I love doctrine, good sound teaching. We call sound teaching “orthodoxy” which means “straight teaching.” “Ortho” is the Greek word for “straight”, so an orthodontist works to give us straight teeth.

But there’s another “ortho” word: orthopraxis. It means “straight practice” or “straight living. Jesus wants us to have “straight teaching”, but even more so He wants us to enter into “straight living.” He wants us to obey everything He commanded us.

I told you last week the story of missionary George Patterson working in Honduras in the 1960s and 70s, and how they taught church leaders to focus on the seven basic commands of Jesus. They asked converts to memorize a list of seven of Christ’s basic commands:

1. Repent and believe: Mark 1:15
2. Be baptized (and continue in the new life it initiates): Matthew 28:18-20; Acts 2:38; Romans 6:1-11
3. Love God and neighbor in a practical way: Matthew 22:37-40
4. Celebrate the Lord’s Supper: Luke 22:17-20
5. Pray: Matthew 6:5-15
6. Give: Matthew 6:19-21; Luke 6:38
7. Disciple others: Matthew 28:18-20

That’s the outline we’re going to follow as we focus on obeying Jesus’ commands. The first one is
Repent and believe—Mark 1:15

Now let’s also try to memorize this list, one at a time each week. So let’s repeat that word for word:

Number One: Repent and believe—Mark 1:15

Very good! Let’s look at that passage, in context, starting in Mark 1:14-20:

14After John was put in prison, Jesus went into Galilee, proclaiming the good news of God. 15"The time has come," he said. "The kingdom of God is near. Repent and believe the good news!"
16As Jesus walked beside the Sea of Galilee, he saw Simon and his brother Andrew casting a net into the lake, for they were fishermen. 17"Come, follow me," Jesus said, "and I will make you fishers of men." 18At once they left their nets and followed him.
19When he had gone a little farther, he saw James son of Zebedee and his brother John in a boat, preparing their nets. 20Without delay he called them, and they left their father Zebedee in the boat with the hired men and followed him.

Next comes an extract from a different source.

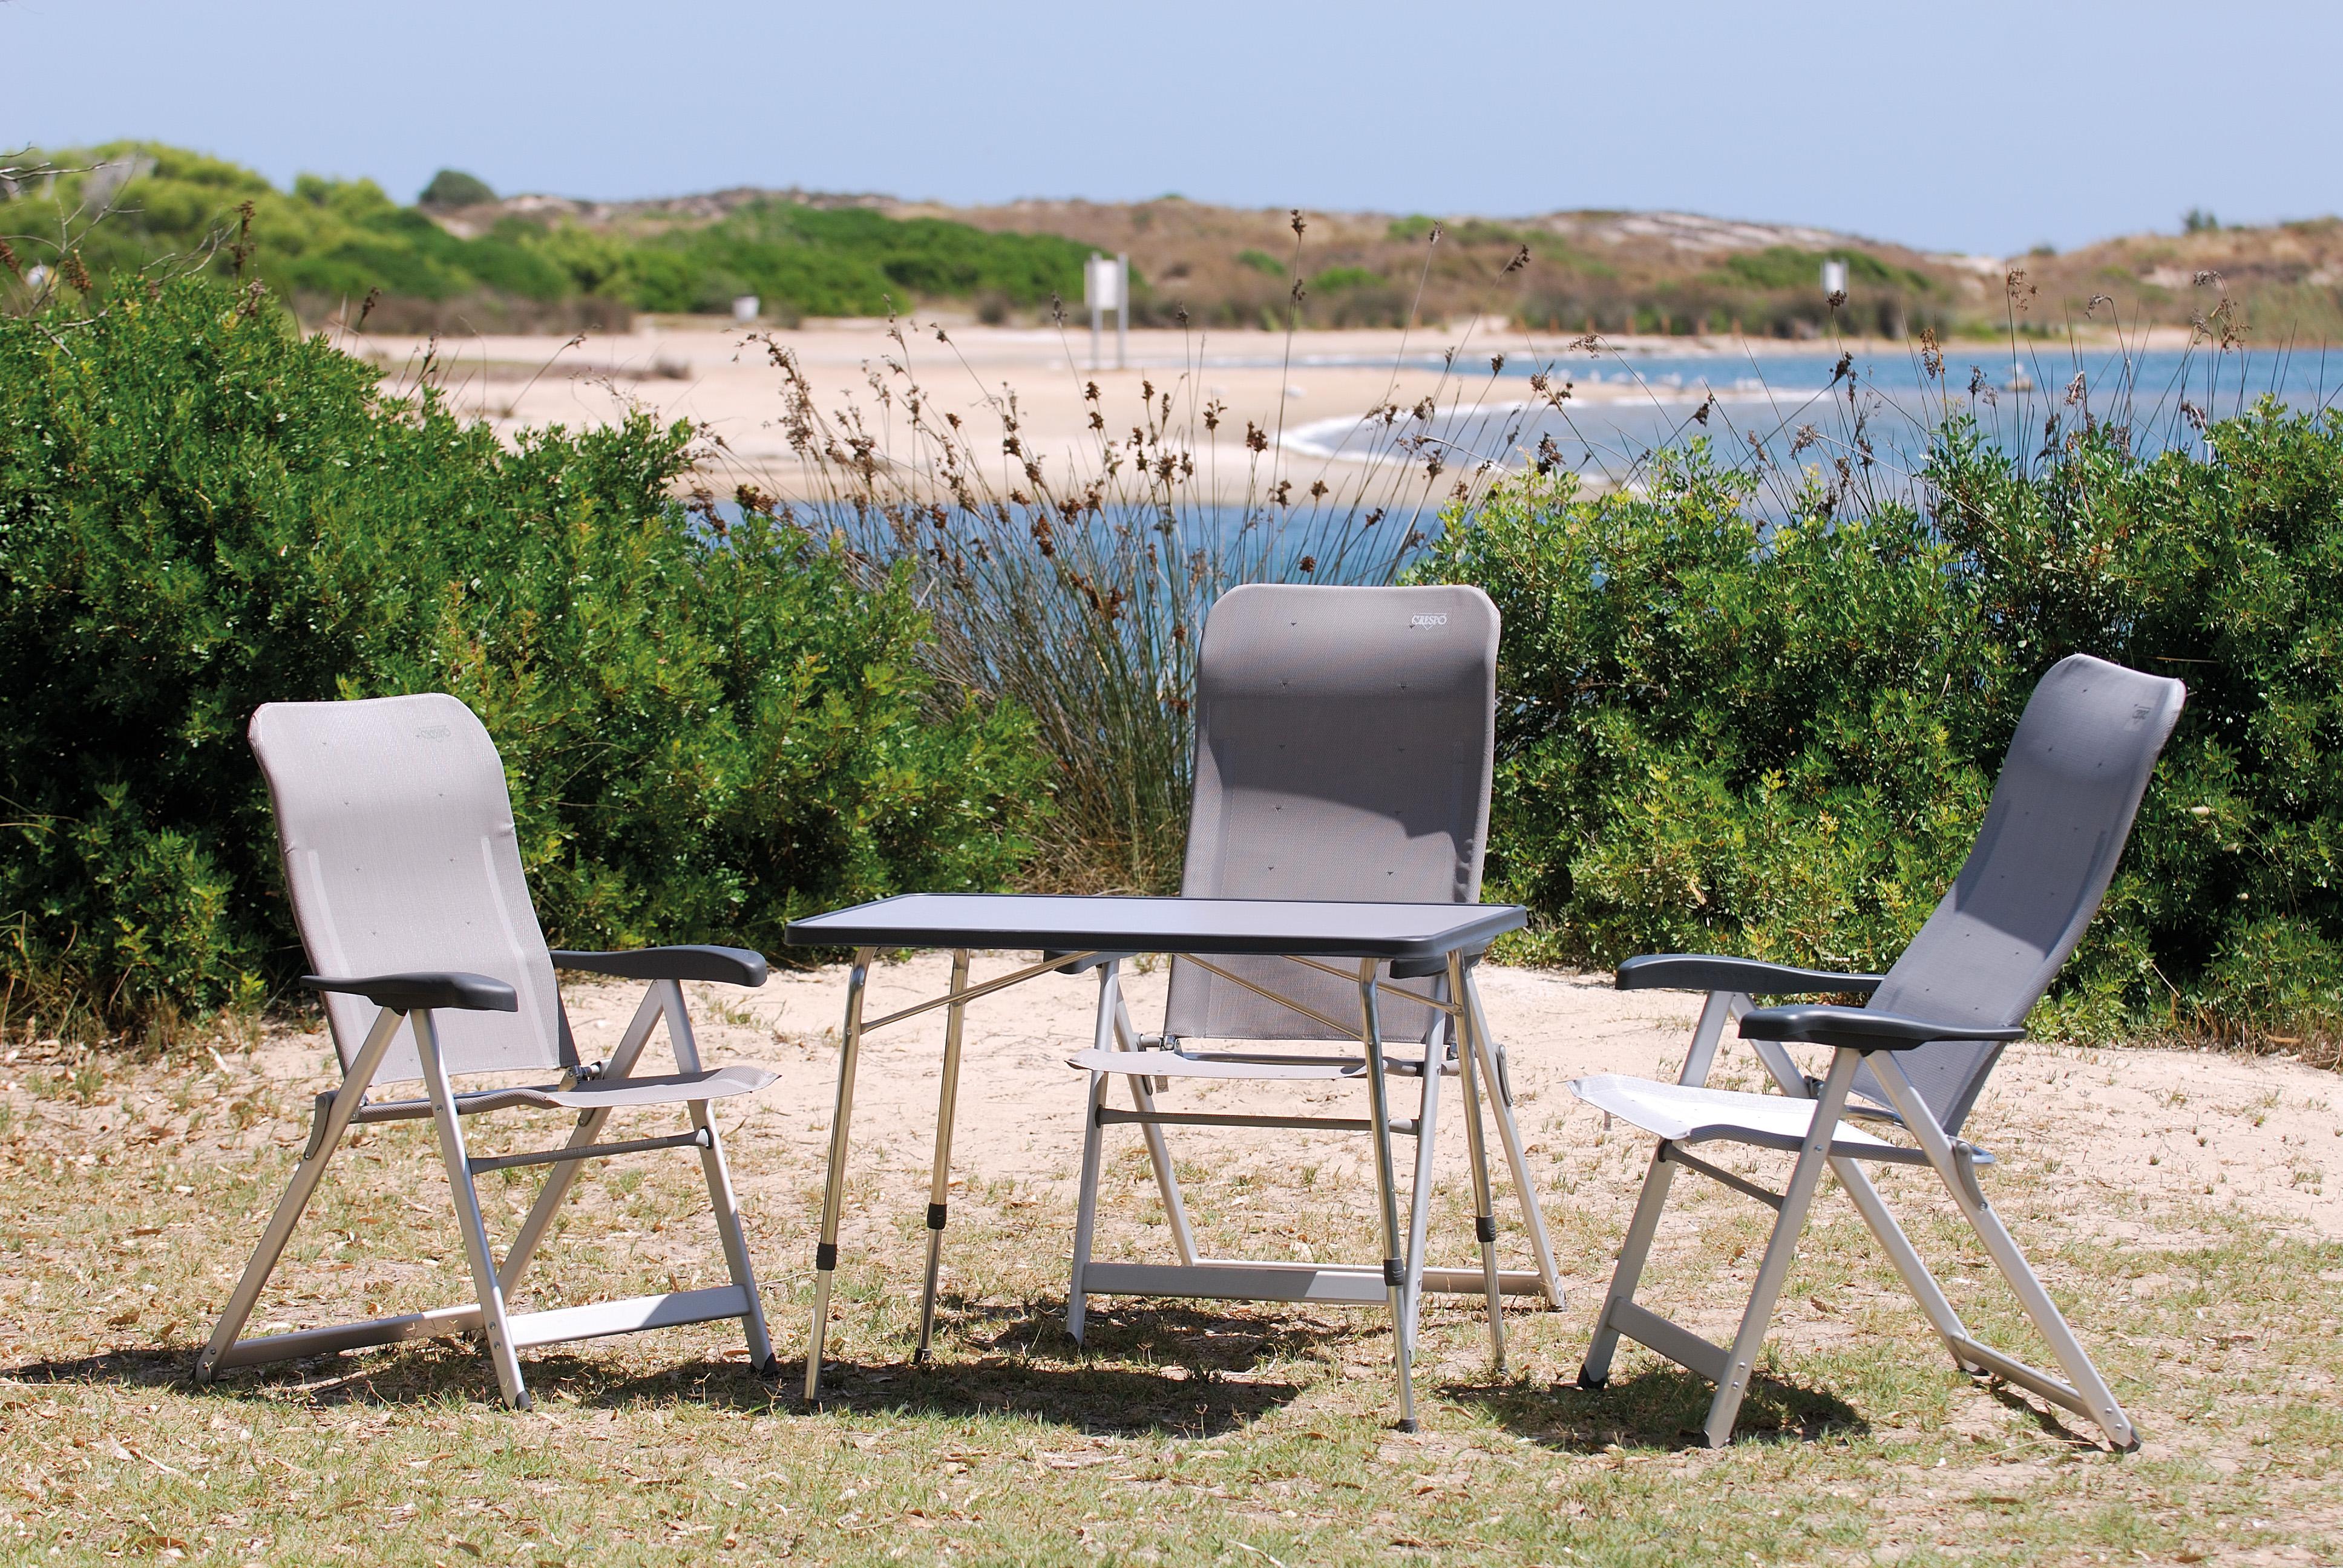 Tienda de mesas y sillas muebles jardin madera de teka teca with tienda de mesas y sillas - Sillas de camping plegables ...

The first basic command of Jesus is “repent and believe.” This is the same as His command to Nicodemus in John 3:7: “You must be born again.” Conversion, salvation, new birth, “repent and believe”—they all refer to the same thing. It refers to when we realize that we are spiritually broken and we put our trust in Jesus and only Jesus as the one who can fix us.

When I was in college, I met my friend Jeff Taylor. Within a day or two of the beginning of school we’d met and discovered how much we had in common. We were both believers. We’d been raised less than thirty miles from other. We had the same taste in music, movies and books. We joked about having one brain between the two of us, the kind of connection where one of us could start a sentence and the other would finish it. We went through student teaching together, went to Europe together and he ended up being our best man at our wedding. In college, wherever Glenn was, Jeff was bound to show up as well.

Well, we have a pair that always seem to keep company in the Bible as well. It’s interesting how these terms “repent” and “believe” appear together. Where one is, the other is bound to show up. And even when the word isn’t there, the idea is.

That’s how “repent” and believe” is in the Bible: two inseparable friends. Let’s look at what “repent” and “believe” mean.

In the Old Testament, the Hebrew word for repent is nacham, which means to feel deeply sorry for wrong deeds. In the New Testament, the word is metanoia. We get that word by putting together two words—the one for change (meta) and the one for thinking (noeo). So “repent” means to “change your thinking” about your life and the direction your life is going. In the Bible, the call to repent is the calling to change the way you look at life as well as to change what you’re doing with your life. It’s a call to change from NOT having God and His ways at the center to turn to Him and to make Him your chief joy and the center of your life.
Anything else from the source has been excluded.